Whatever the reason for the botched 1996 effort and crisis that ensued, California households through June paid electricity rates 44 percent above the national average and 64 percent above the average in 10 neighboring Western states, according to the most recent data from the U.S. Energy Information Administration. The disparity is greater for businesses, with average rates 57 percent above the national average and 91 percent above neighboring states.

California lacks enough power plants to meet long-term needs. Without more market incentives to expand generating capacity, energy shortages could strike between 2006 and 2008.

Mr.
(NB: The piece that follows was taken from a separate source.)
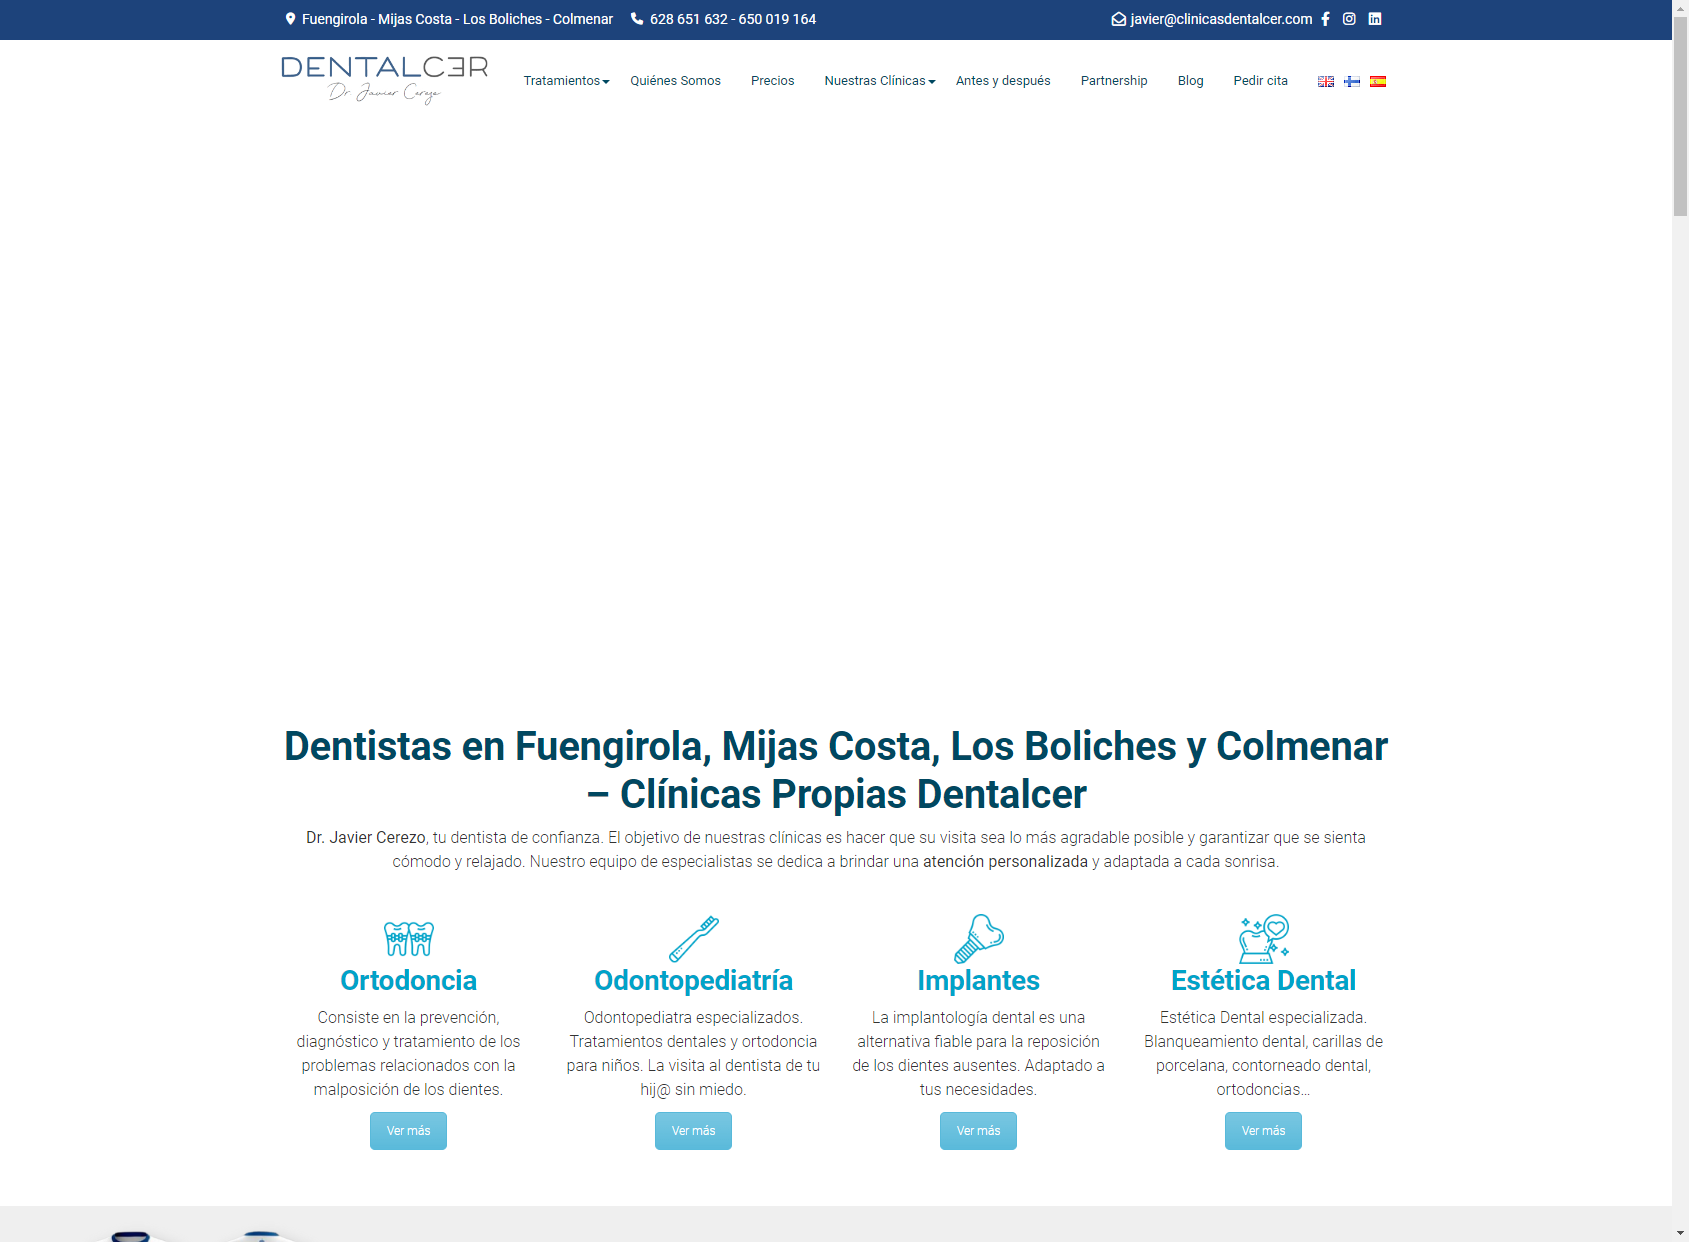 Clínica DentalCer Mijas Costa | Dr. Javier Cerezo

Schwarzenegger believes new and improved deregulation will avert another electricity shortage and eventually drive bills down for many customers. His plan envisions a market in which customers pay a little more to provide generators with an incentive to build more plants and increase the state’s reserves.

To lower their costs, big businesses would be allowed to buy power from other sources besides California’s major utilities. Major power customers also would be forced to install metering equipment so they could be charged higher prices during peak-demand periods.

Meanwhile, most households would still get power from closely regulated utilities: Pacific Gas and Electric, Southern California Edison and San Diego Gas and Electric. Their prices wouldn’t fluctuate much, except in unusual circumstances.

The PUC’s Miss Lynch, a Democrat appointed by recalled Gov. Gray Davis, depicts Mr. Schwarzenegger’s blueprint as a rehash of the Wilson administration’s old ideas.

Architects of Mr. Schwarzenegger’s plan say it’s unfair to compare it with the 1996 package of changes, which they said were flawed and mismanaged by the Davis administration. Mr. Schwarzenegger’s advisers contend deregulation would work under a decisive governor.

But Mike Florio, a staff lawyer for the Utility Reform Network, a consumer group, said it will be an even tougher sell this time.

“It’s like we blew up the house, then got it rebuilt and now we are thinking about putting some dynamite around the foundation all over again,” he said.